I want to group by arrays within a single row

For example, for the structure below

root
|--id: string
|--payload: string

the value of payload is a String representing a block of json that looks like the structure below

{
        "Blocks": [
            {
                "Type": "LINE",
                "Confidence": 90
            },
            {
                "Type": "LINE",
                "Confidence": 98
            },
            {
                "Type": "WORD",
                "Confidence": 99
            },
            {
                "Type": "PAGE",
                "Confidence": 97
            },
            {
                "Type": "PAGE",
                "Confidence": 89
            },
            {
                "Type": "WORD",
                "Confidence": 99
            }
        ]
    }

I want to aggregate all of the confidence by type so we get the following new column...

{
    "id": 12345,
    "payload": "..."
    "confidence": [
        {
            "Type": "WORD",
            "Confidence": [
                99,
                99
            ]
        },
        {
            "Type": "PAGE",
            "Confidence": [
                97,
                89
            ]
        },
        {
            "Type": "LINE",
            "Confidence": [
                90,
                98
            ]
        }
    ]
}

To do this I plan on using get_json_object(...) to extract confidences for each type of block.

For example...

get_json_object(col("payload"), "$.Blocks[?(@.Type=='LINE')].Confidence")
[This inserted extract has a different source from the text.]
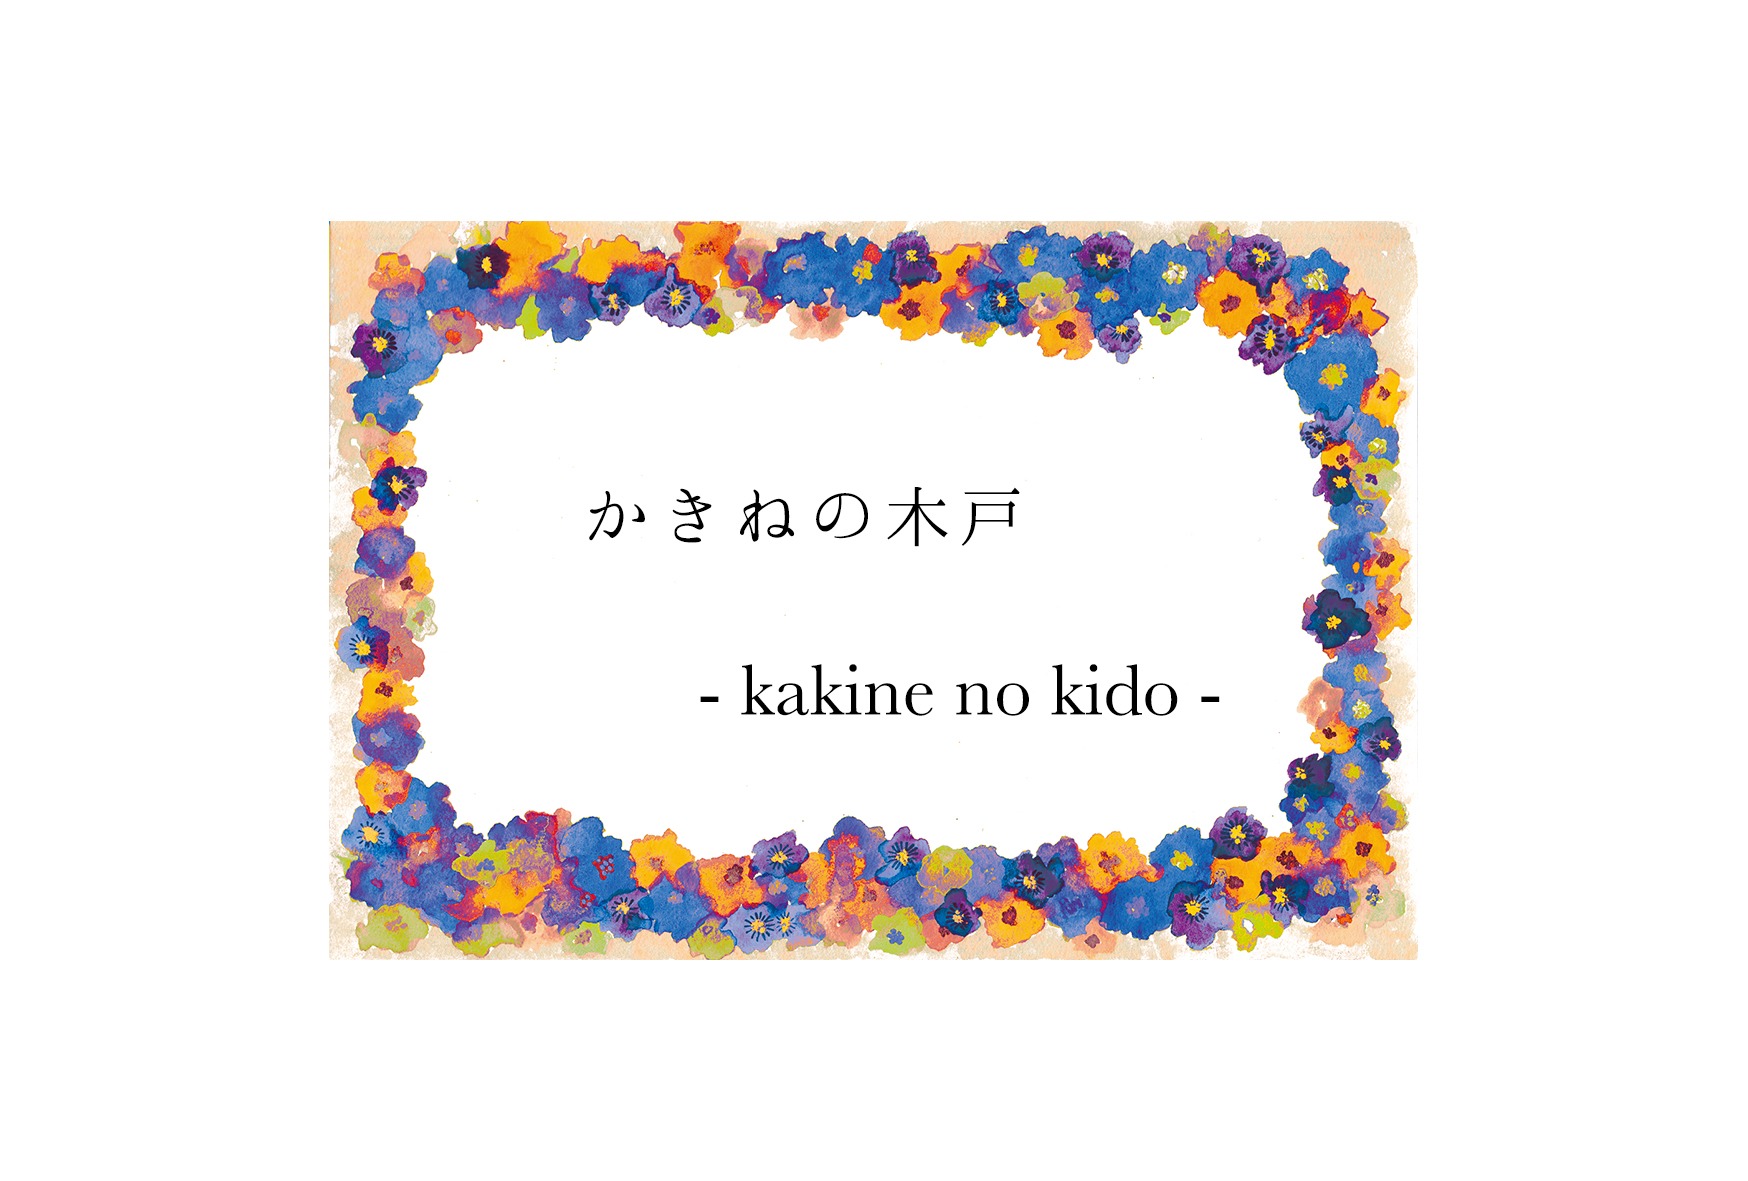 かきねの木戸 / kakine no kido

But $.Blocks[?(@.Type=='LINE')].Confidence keeps returning null. Why is that?

I verified the json path works by testing on https://jsonpath.curiousconcept.com/# against the sample payload json above and got the following result...

[
   90,
   98
]

If using the path above isn't an option how would one go about aggregating this?

Below is the full code sample. I expect the first .show() to print out [90, 98] in the confidence column.
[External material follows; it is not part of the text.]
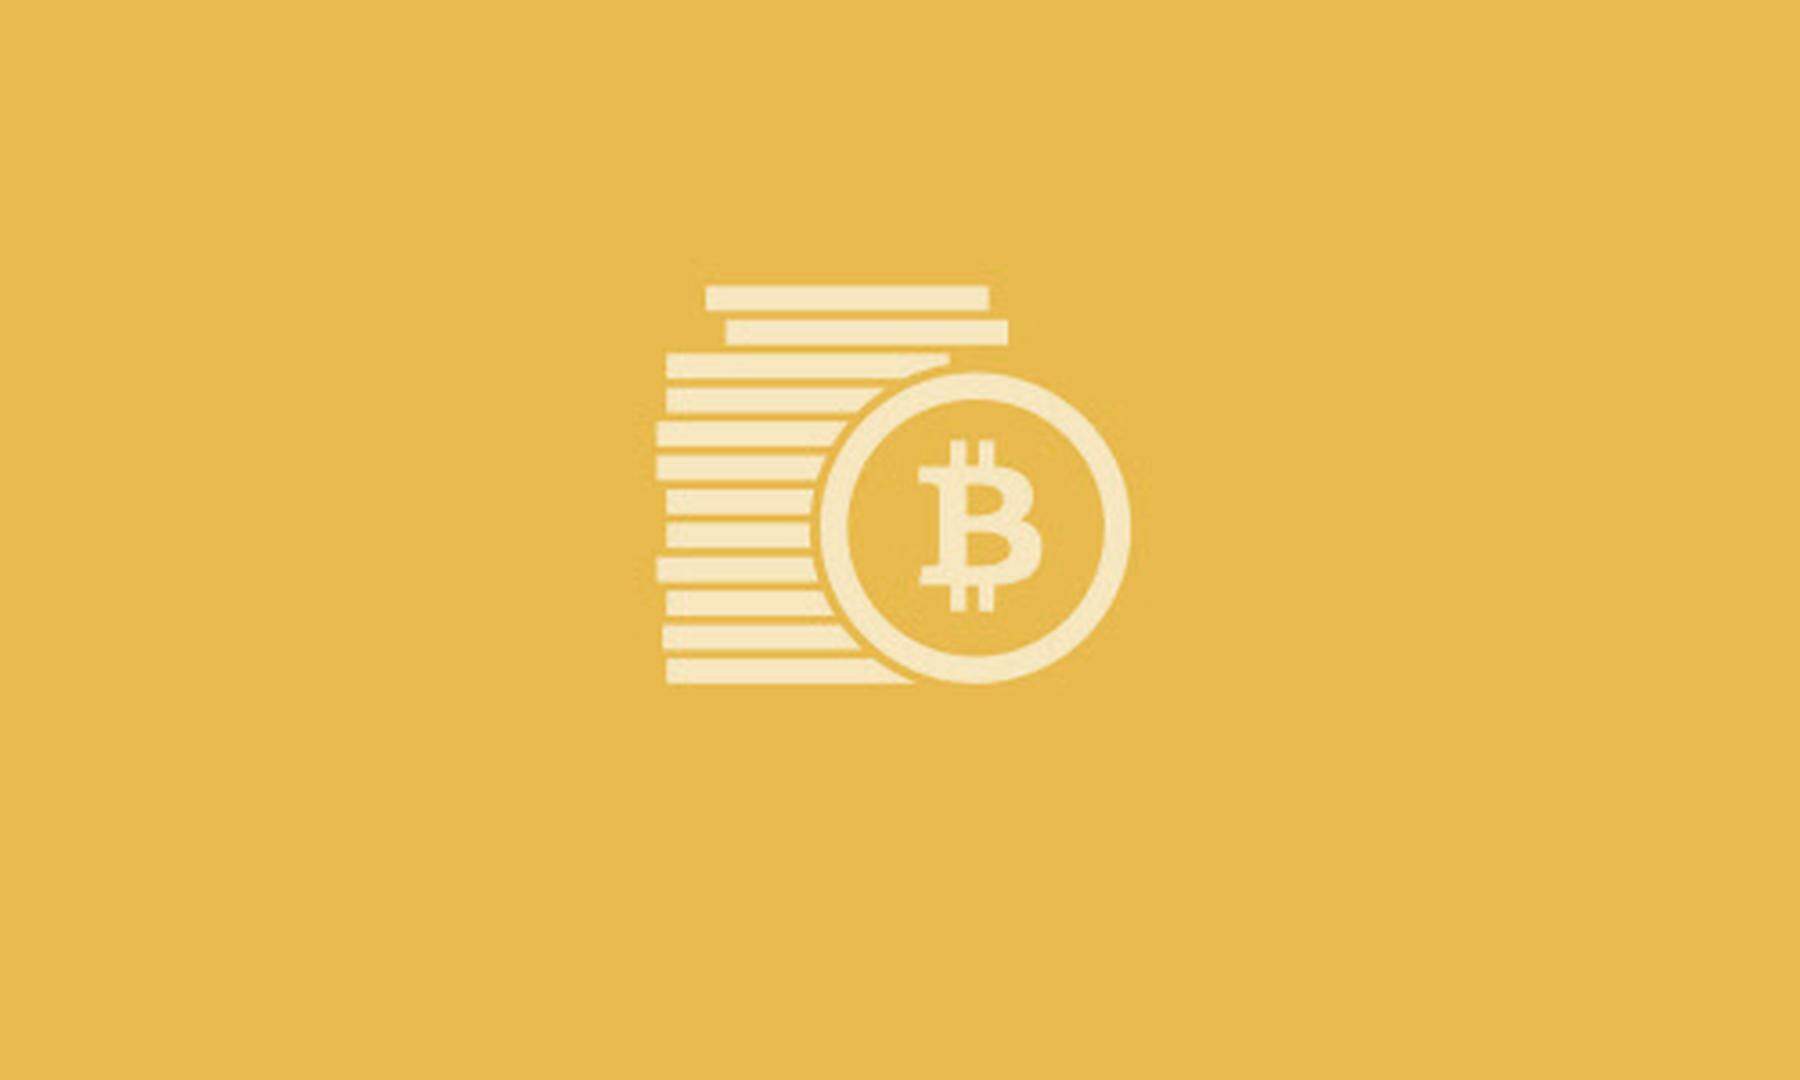 ist bitcoin nicht doch ein ponzi-system?

from pyspark.sql import SparkSession
from pyspark.sql.types import StructField, StringType, StructType, IntegerType
from pyspark.sql.functions import get_json_object, col


def main():
    spark = SparkSession.builder.appName('test_session').getOrCreate()
    df = spark.createDataFrame([
        (
            12345,  # id
            """
{
        "Blocks": [
            {
                "Type": "LINE",
                "Confidence": 90
            },
            {
                "Type": "LINE",
                "Confidence": 98
            },
            {
                "Type": "WORD",
                "Confidence": 99
            },
            {
                "Type": "PAGE",
                "Confidence": 97
            },
            {
                "Type": "PAGE",
                "Confidence": 89
            },
            {
                "Type": "WORD",
                "Confidence": 99
            }
        ]
    }

            """  # payload
        )
    ],
        StructType(
            [
                StructField("id", IntegerType(), True),
                StructField("payload", StringType(), True)
            ])
    )
    
    # this prints out null (why?)
    df.withColumn("confidence", get_json_object(col("payload"), "$.Blocks[?(@.Type=='LINE')].Confidence")).show()
    
    # this prints out the correct values, [90,98,99,97,89,99]
    df.withColumn("confidence", get_json_object(col("payload"), "$.Blocks[*].Confidence")).show()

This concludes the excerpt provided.